## Action item:
Copy verbatim the block of lines in the entries below whose first line contains "Seminar Assignments - Report" and whose last line contains "0814_PuresPlay_PureFinancial_FAMagazine unlocked (2)_Page_1". Leave out all other lines.

## Supplied records:
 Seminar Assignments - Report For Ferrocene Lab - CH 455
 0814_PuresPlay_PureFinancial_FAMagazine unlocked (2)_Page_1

--

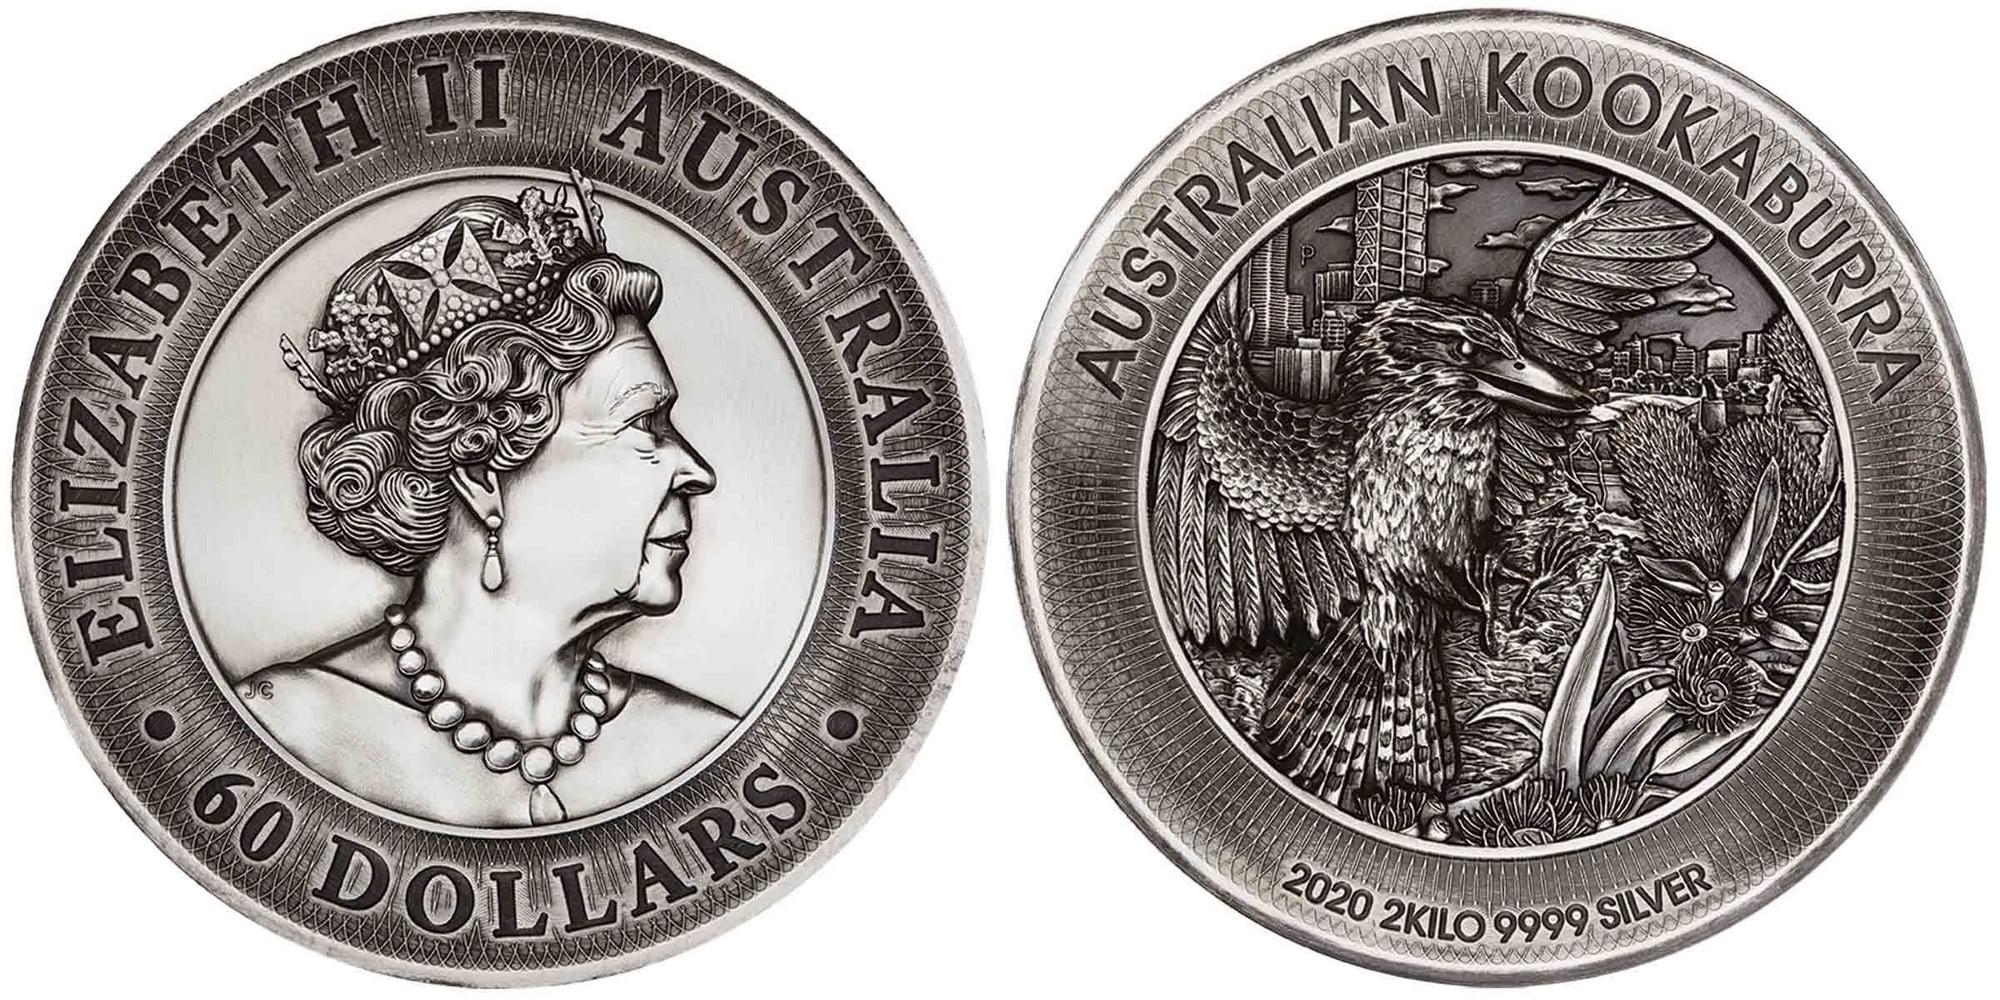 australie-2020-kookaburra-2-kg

* * *

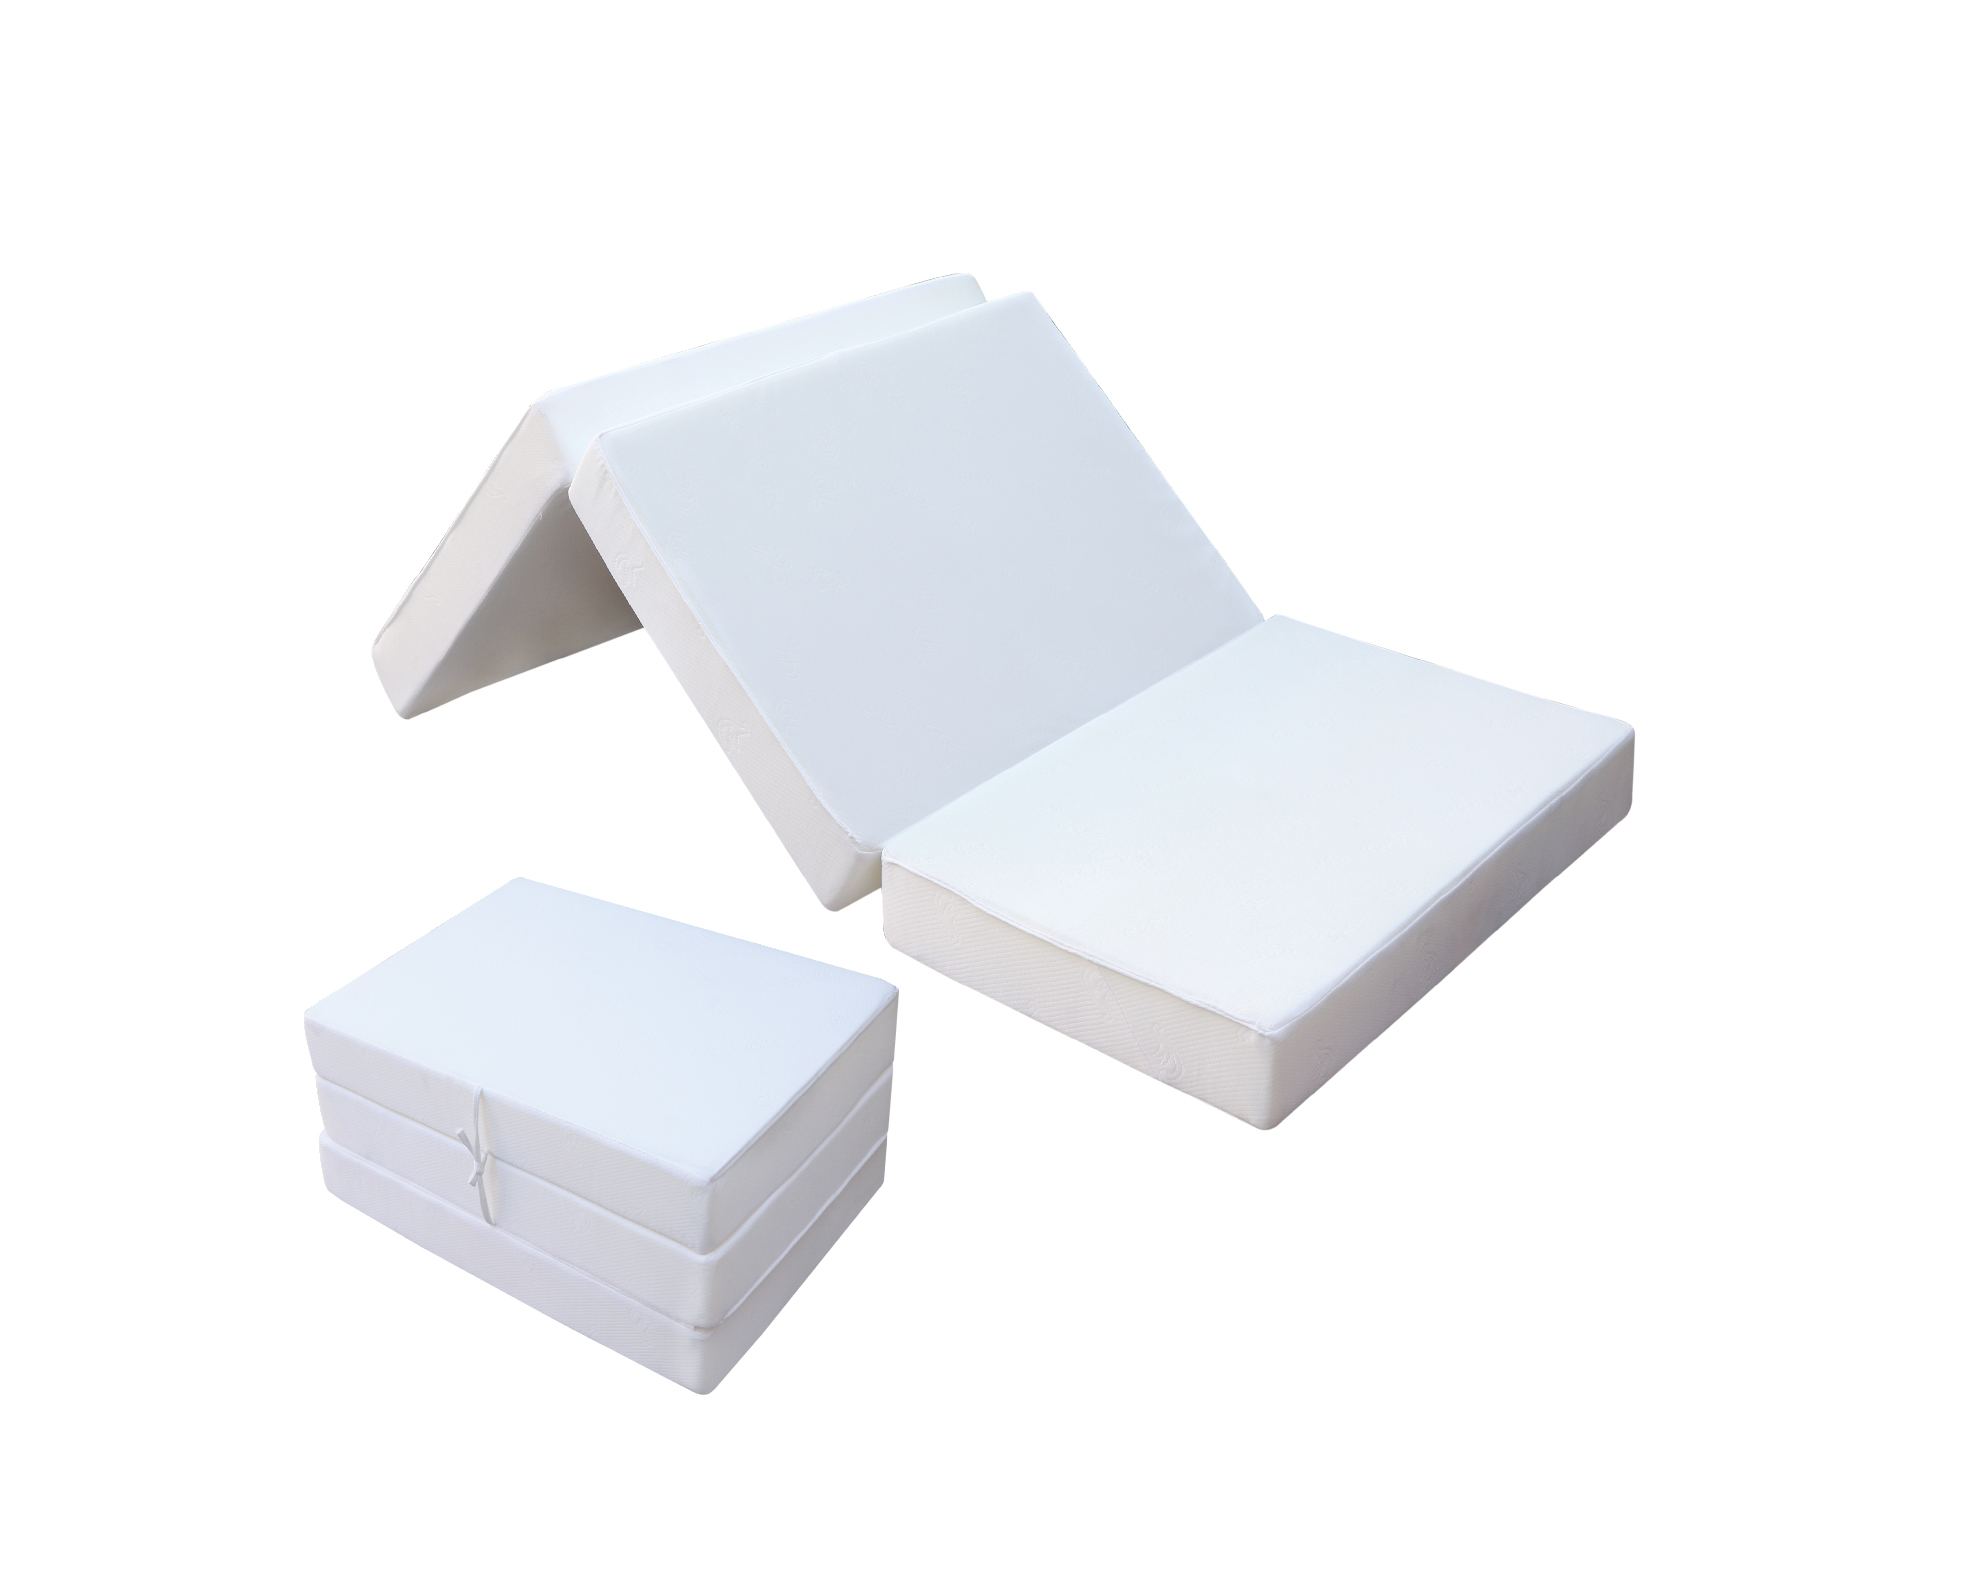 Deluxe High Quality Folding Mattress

## Answer box:
 Seminar Assignments - Report For Ferrocene Lab - CH 455
 0814_PuresPlay_PureFinancial_FAMagazine unlocked (2)_Page_1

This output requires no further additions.